Thrusters use propellant. Reaction wheels (and momentum wheels) use electric power. Spin stabilization uses neither, as long as you don't need to repoint the spacecraft — but any scientific spacecraft is going to need repointing, it's just a question of how often.
With reaction wheels, the amount of power used depends on the spacecraft's mass (actually, its inertial moment) and how quickly you need to turn. If you really need it, you can charge batteries with the electric power source (like an RTG) when the spacecraft's power demand is less than the source's power production capacity, and supplement that source with battery power when there's a high-power-drain period.
Still, though, reaction wheel turn rates are typically very slow due to the electric power requirements. If you need to turn really quickly, thrusters do better. But thrusters use up propellant. If you do a lot of turns, you can burn up a lot of propellant, and that adds more mass to the spacecraft at launch — it has to carry more propellant.
The decision about which approach to use usually involves engineers looking at the anticipated mission profile, notably the reorientation profile (how often? how far? how fast?) to see if one or the other would involve less resource use (such as mass) and they also weigh such considerations as how the different techniques mesh with mission requirements. For instance, if the science instruments require very accurate and exquisitely stable pointing, even if a thruster-based system might wind up being less massive than a reaction-wheel-based system, the reaction wheels are more accurate and stable and so you might choose that approach.
Spin-stabilized spacecraft typically have quite a bit of total angular momentum, so the small angular momenta of reaction wheels could precess such spacecraft very, very slowly. Thrusters generally are a better fit.
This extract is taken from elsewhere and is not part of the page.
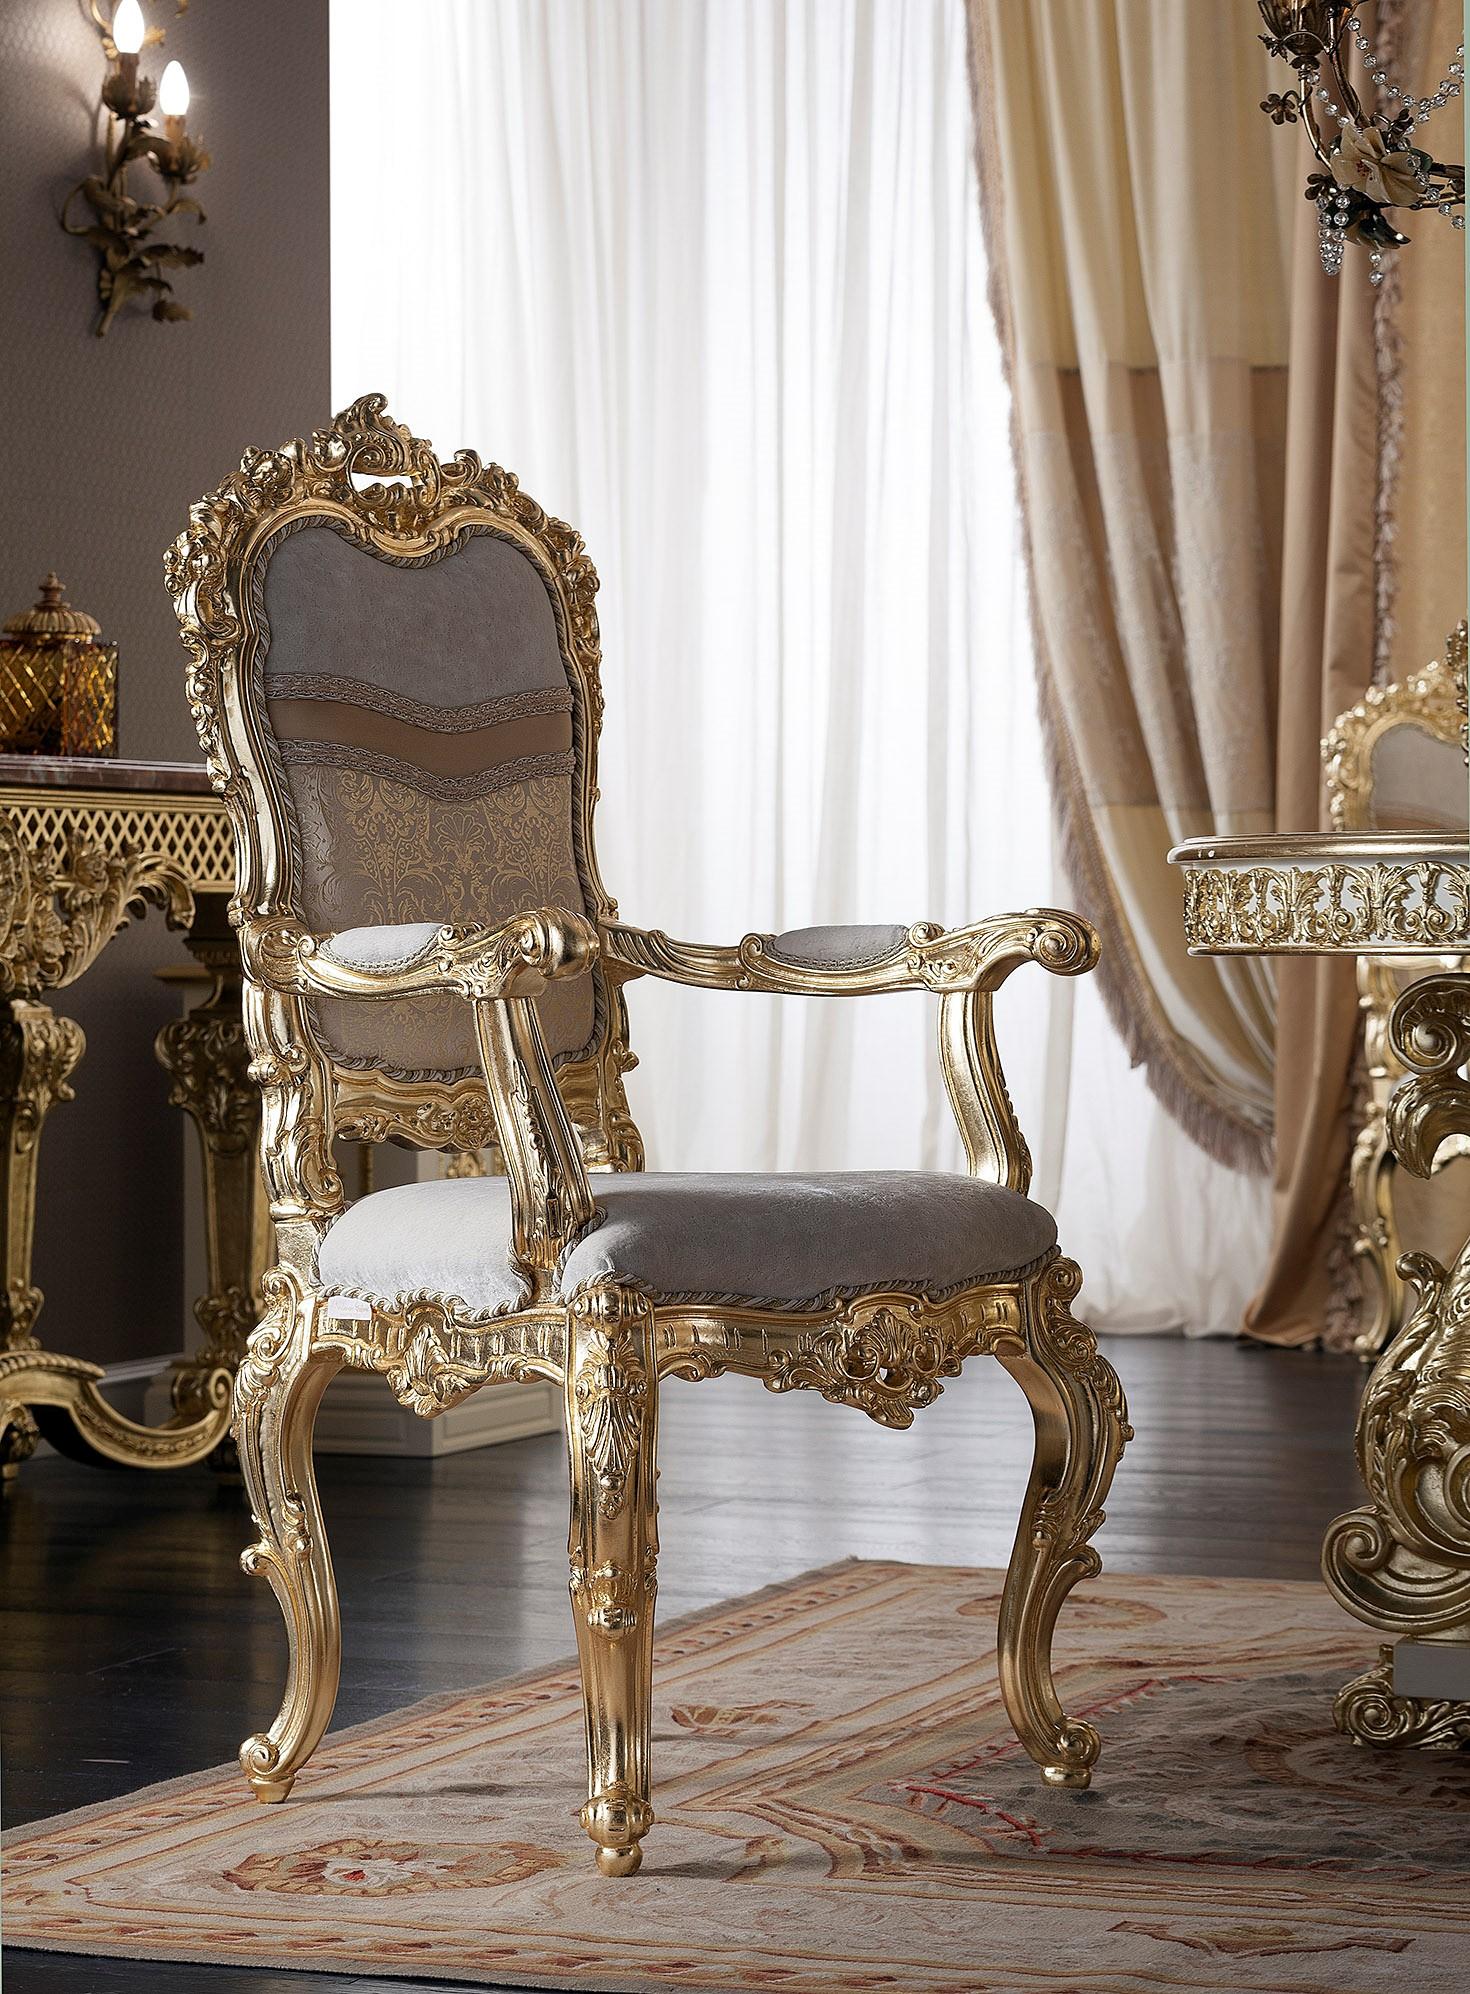 Enjoy your royal meal while sitting on this wonderfully upholstered chair with armrests by Modenese Gastone Interiors featuring a wood frame gold leaf applied in details, upholstered with a premium grey satin fabric. What's more? The incredibly

In Cassini's case, there were two considerations that drove them to reaction wheels: 1) they were doing a lot of turning through large angles, so using reaction wheels would save a lot of propellant mass; and 2) the exquisite resolution of Cassini's narrow angle camera (NAC) required exquisite pointing stability, better implemented with reaction wheels than with a separate set of small attitude control thrusters. By "separate set" I mean that Cassini had a thruster system for coarse attitude control and reaction wheel desaturation, but the minimum impulse you could deliver from them (from the shortest possible burn duration, called the "minimum impulse bit") wouldn't keep the pointing as stable as desired, so to do it with thrusters would require a separate, smaller set of thrusters with a much smaller minimum impulse bit to provide sufficiently accurate pointing.